Recorded data
--- START ---

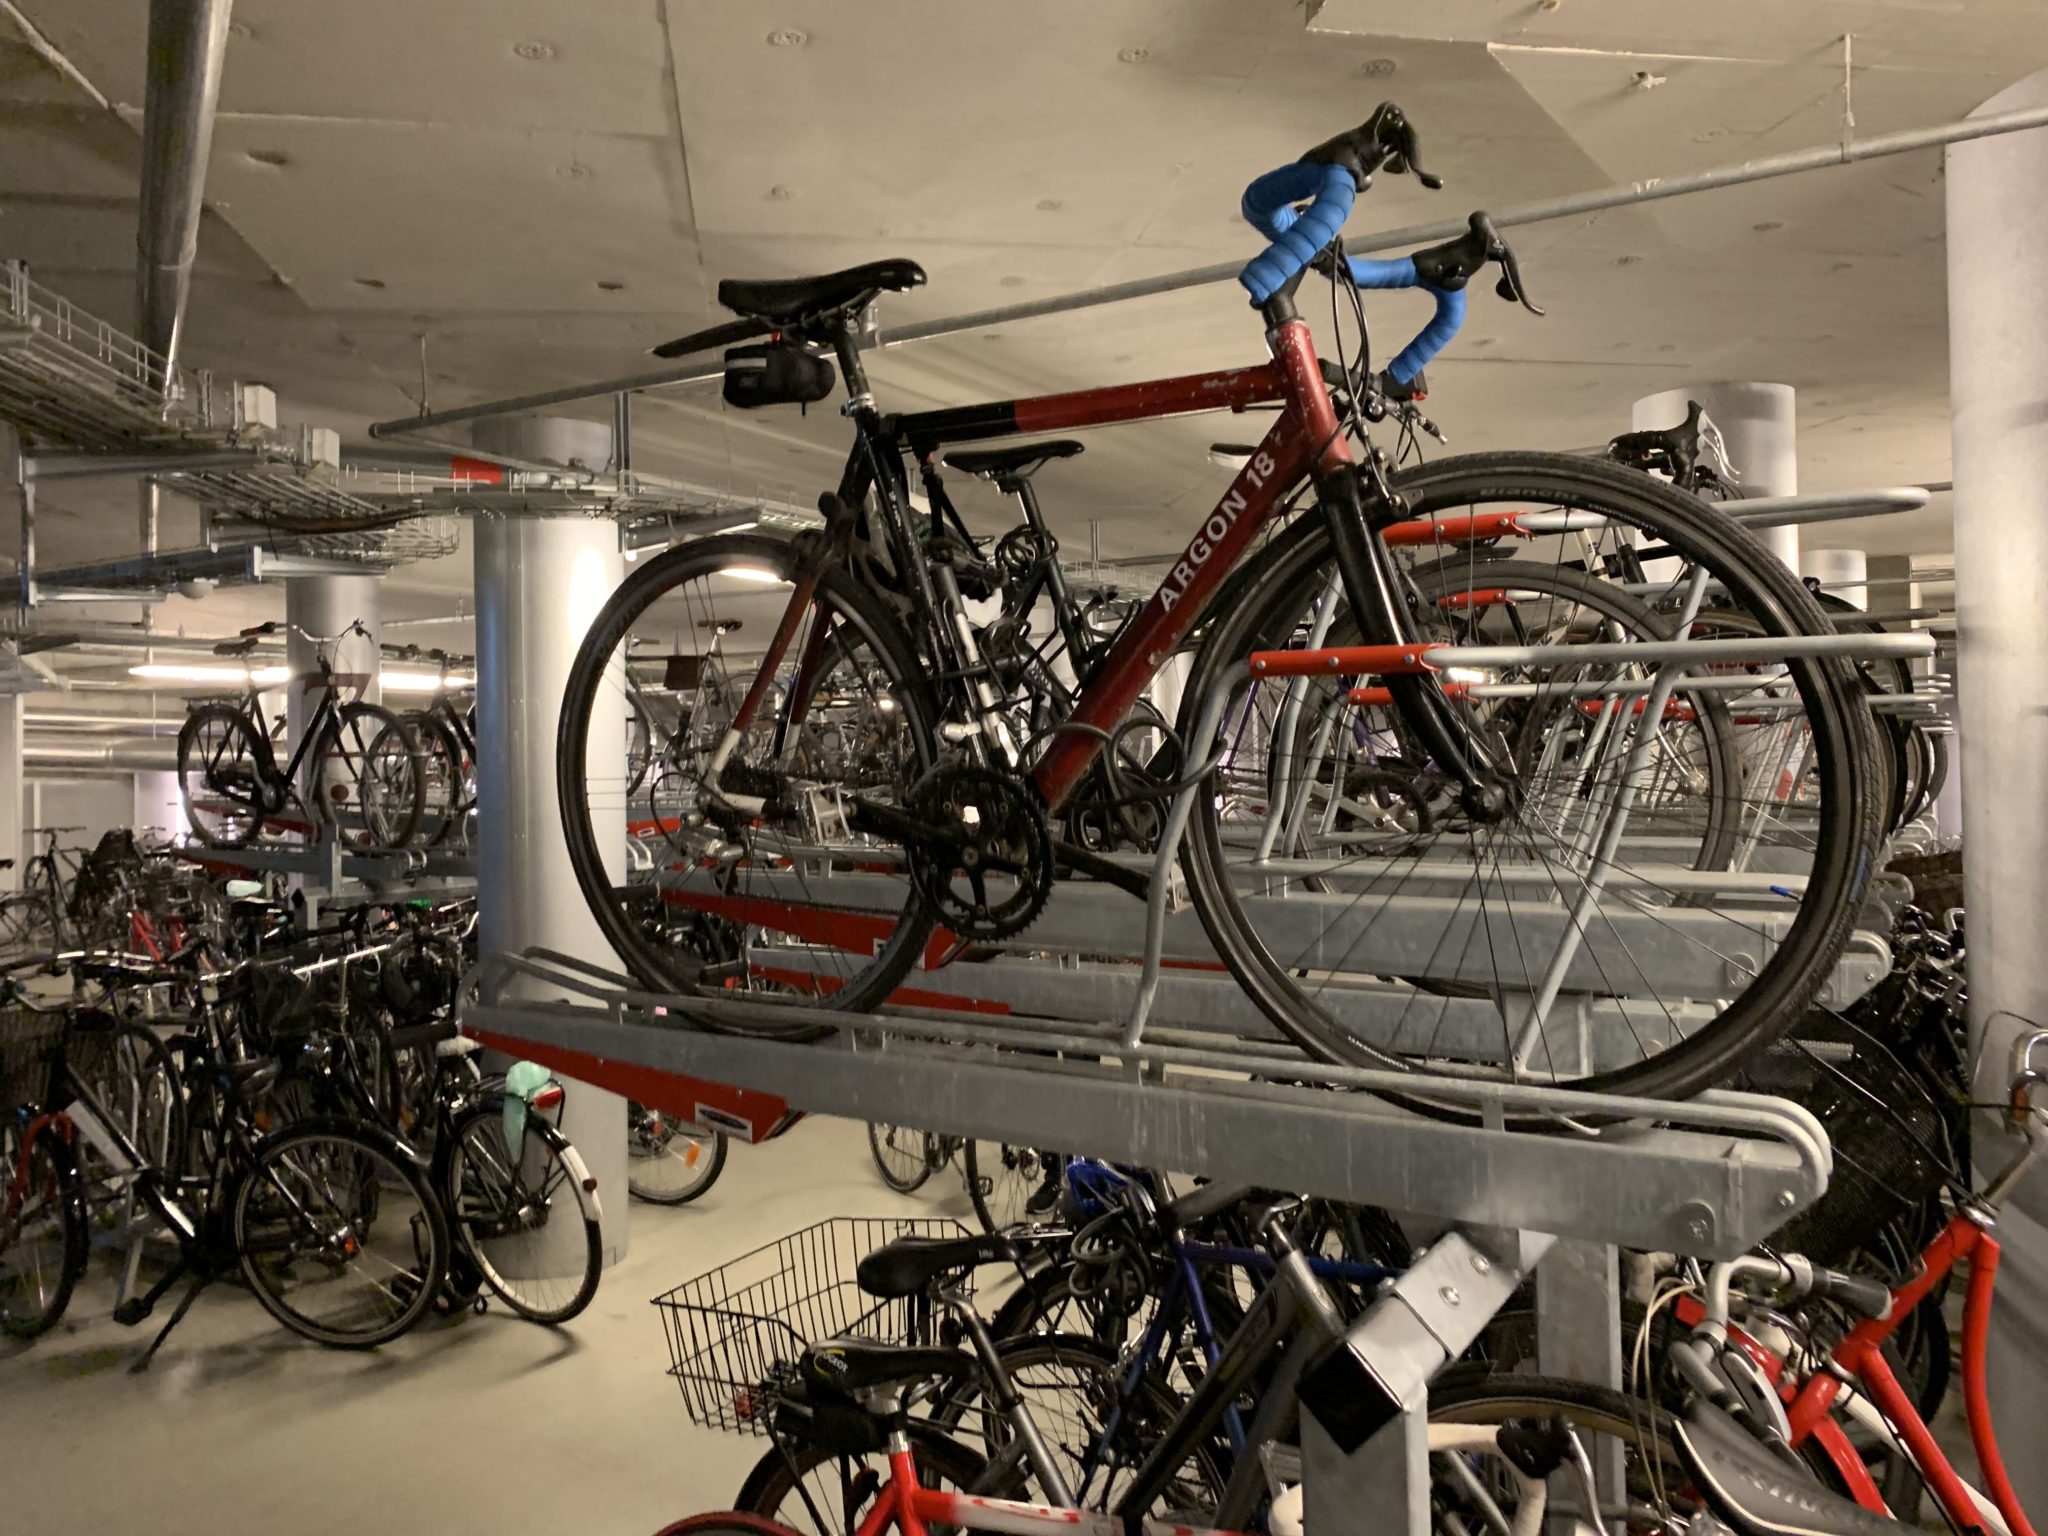 Bikes parked in racks in an underground bike parking garage.
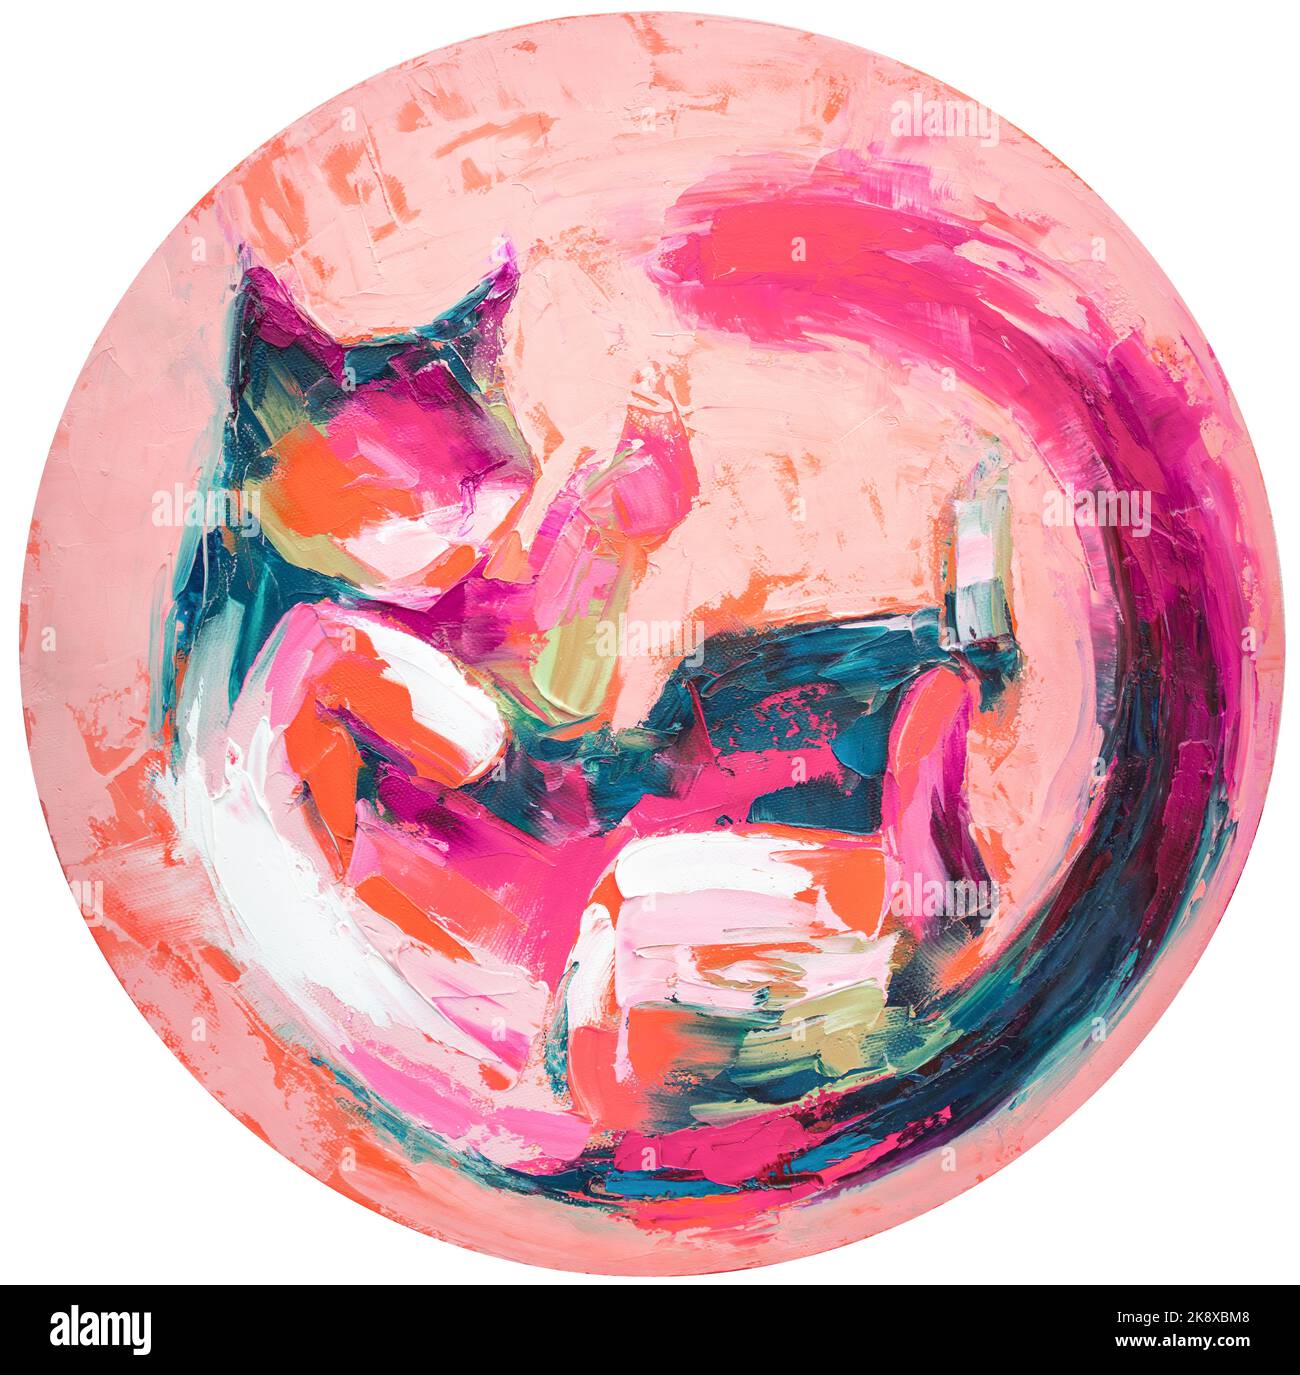 Ölbild einer Katze zusammengerollte Malerei in bunten Tönen. Konzeptuelle abstrakte Malerei. Closeup Malerei Öl und Palettenmesser auf Leinwand. Stockfoto
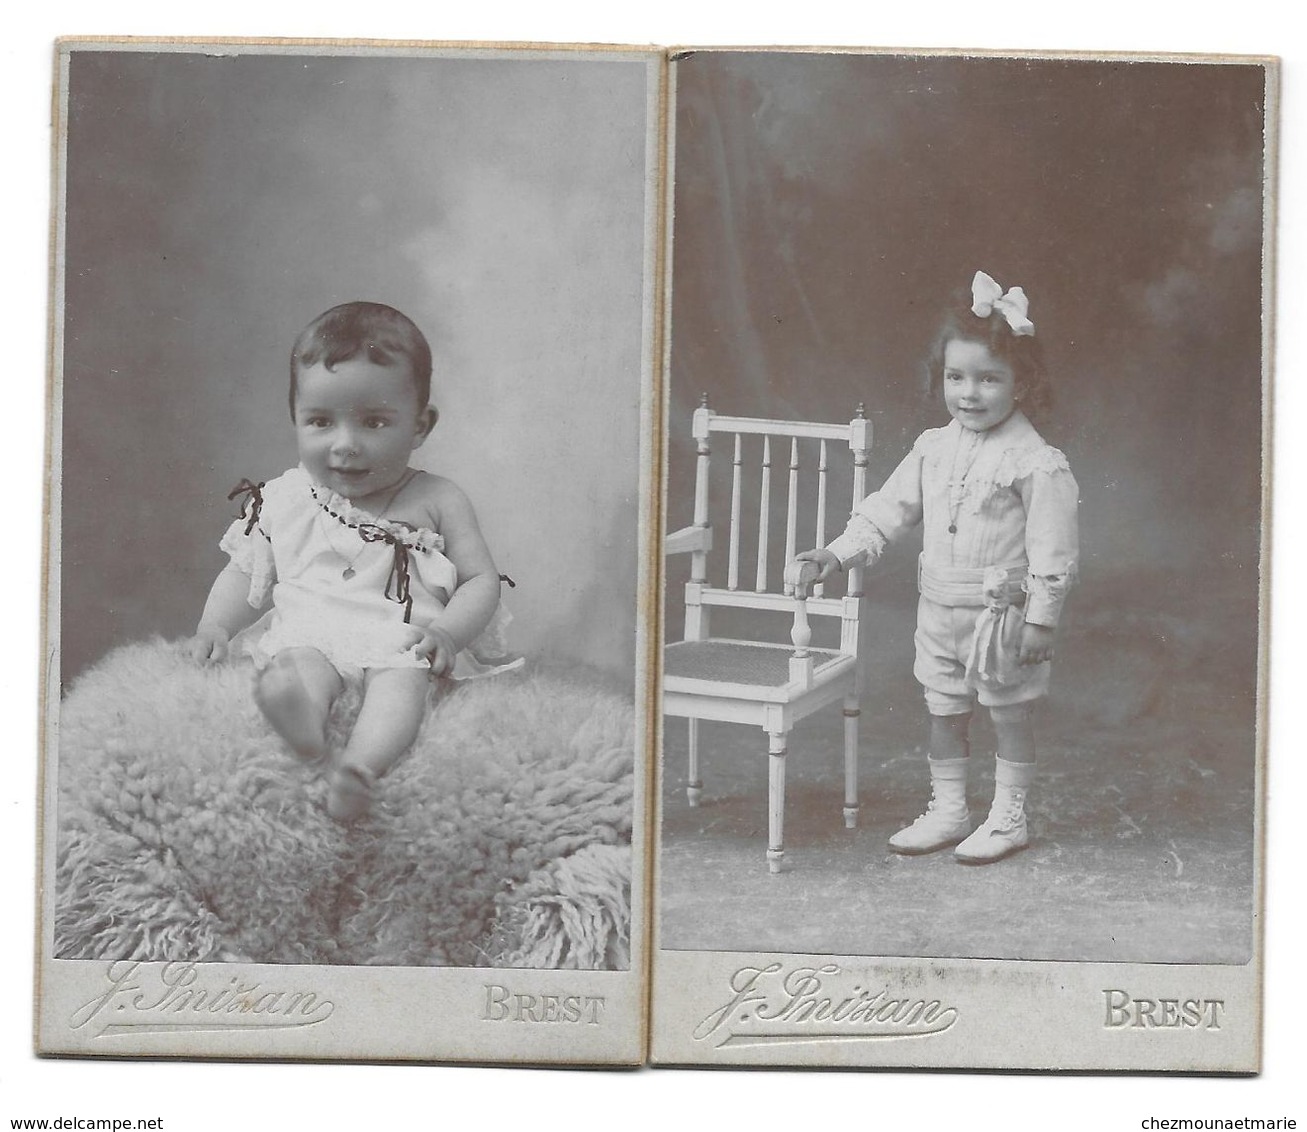 RAYMOND HILLAIRET FUTUR COMMISSAIRE DE LA MARINE NE EN 1906 A BREST - CDV PHOTO INIZAN LOT DE 2 - Célébrités
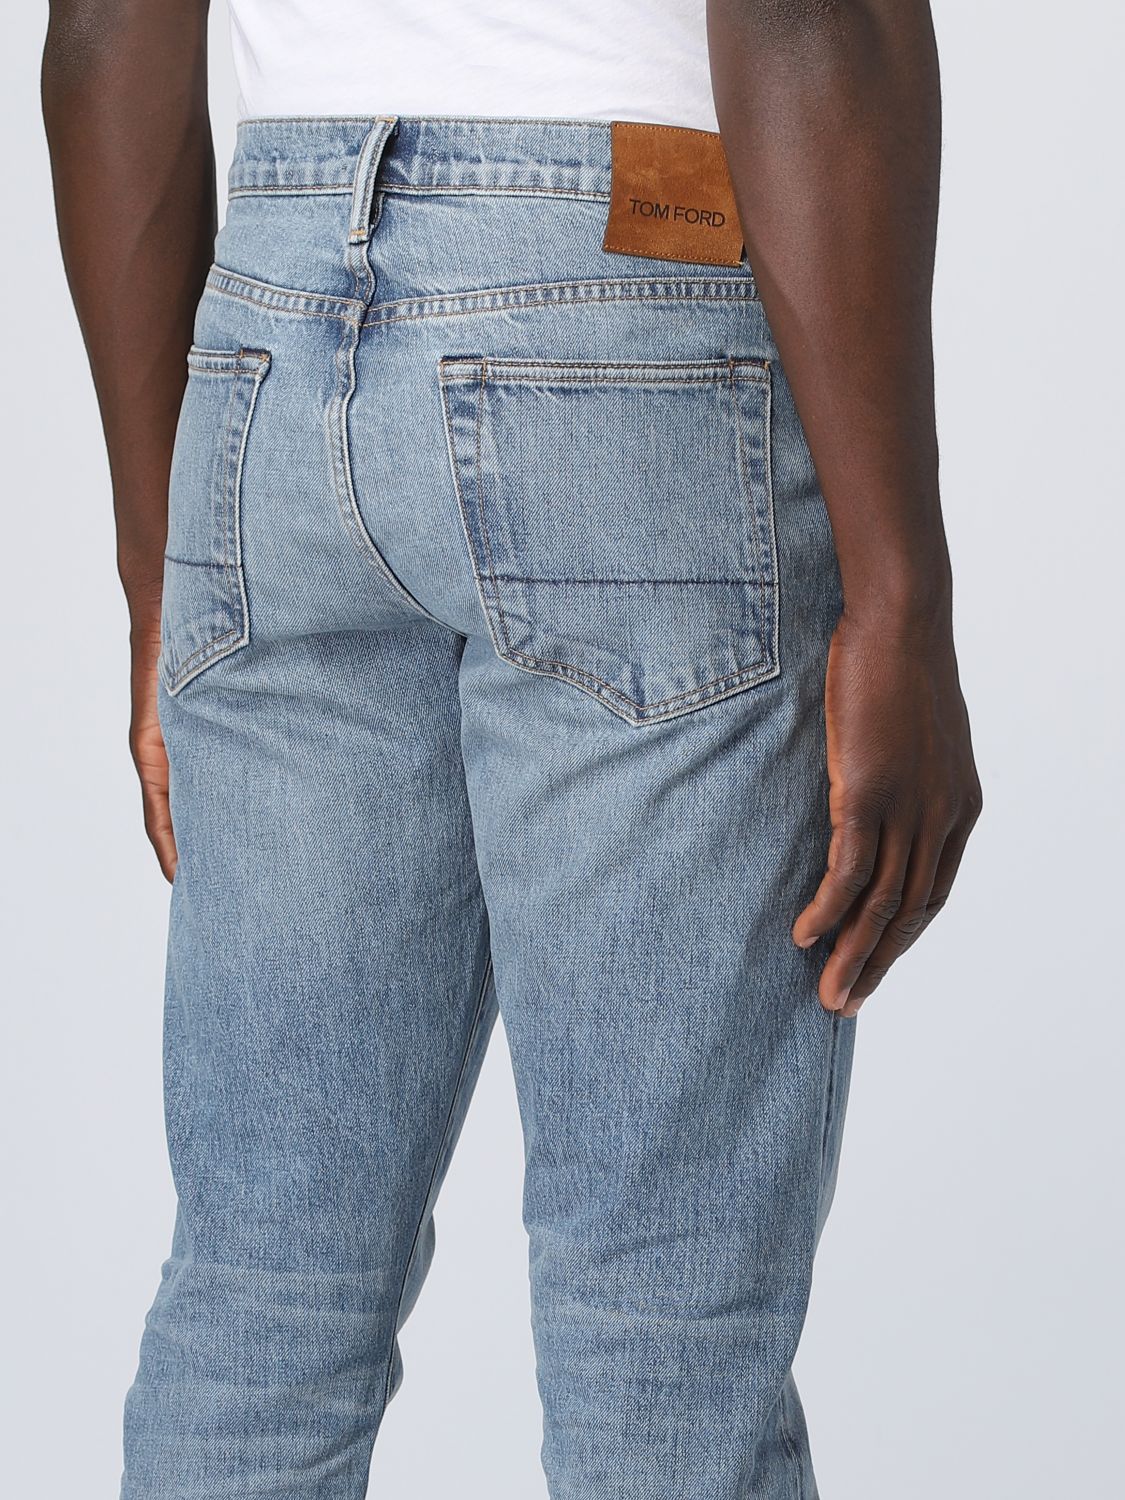 TOM FORD: Pantalones cortos para hombre, Negro | Pantalones Cortos Tom Ford  SSC001FMV004S23 en línea en 
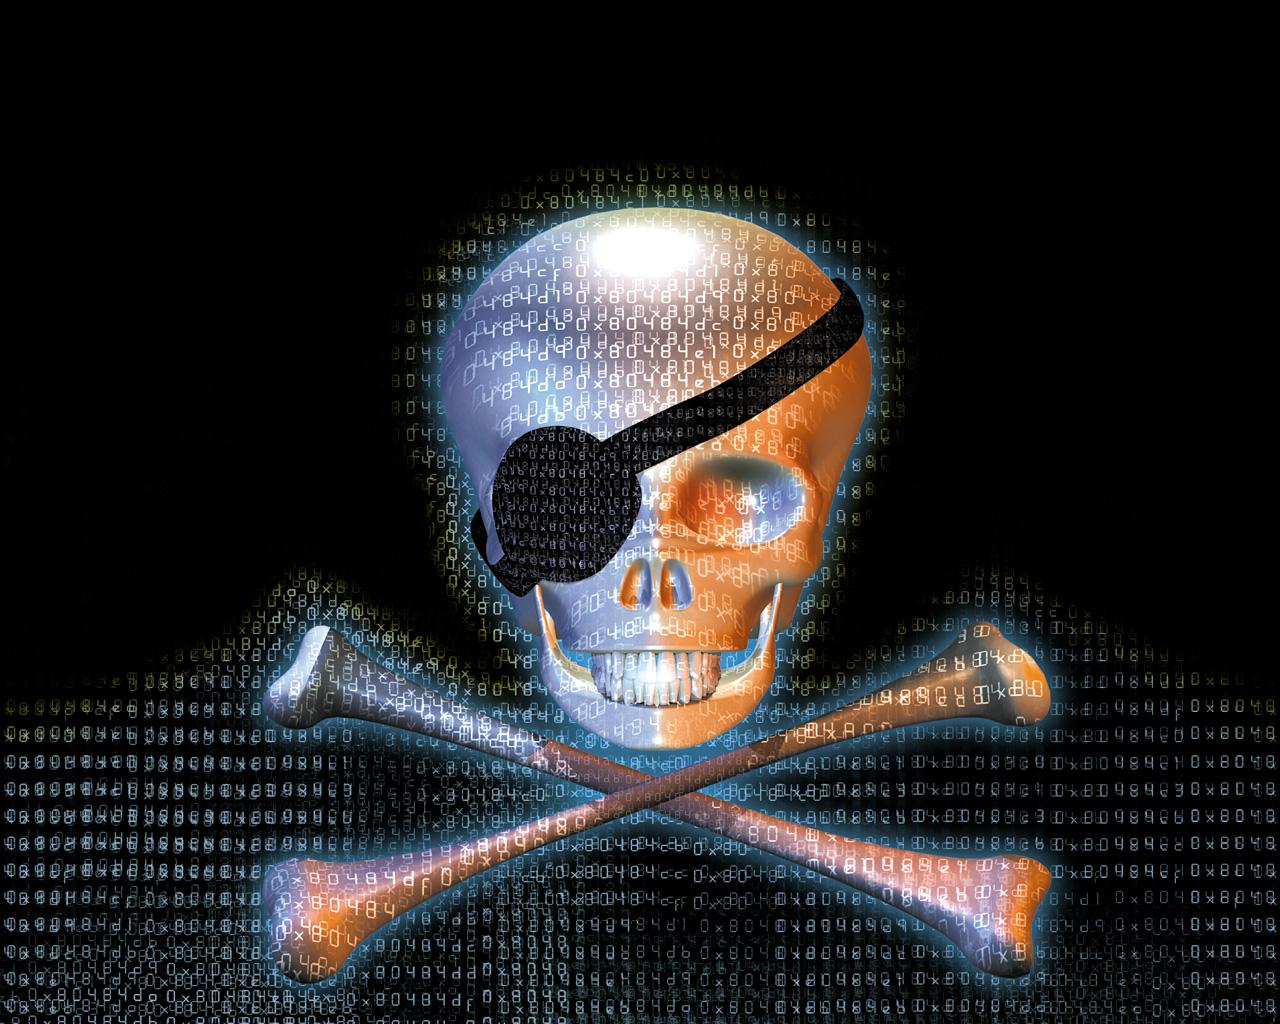 siti pirata

--- END ---

The pictures should be dropped, and every line above should be set down again exactly.

(FINISHED EXERCISE)
 Bikes parked in racks in an underground bike parking garage.
 Ölbild einer Katze zusammengerollte Malerei in bunten Tönen. Konzeptuelle abstrakte Malerei. Closeup Malerei Öl und Palettenmesser auf Leinwand. Stockfoto
 RAYMOND HILLAIRET FUTUR COMMISSAIRE DE LA MARINE NE EN 1906 A BREST - CDV PHOTO INIZAN LOT DE 2 - Célébrités
 TOM FORD: Pantalones cortos para hombre, Negro | Pantalones Cortos Tom Ford  SSC001FMV004S23 en línea en 
 siti pirata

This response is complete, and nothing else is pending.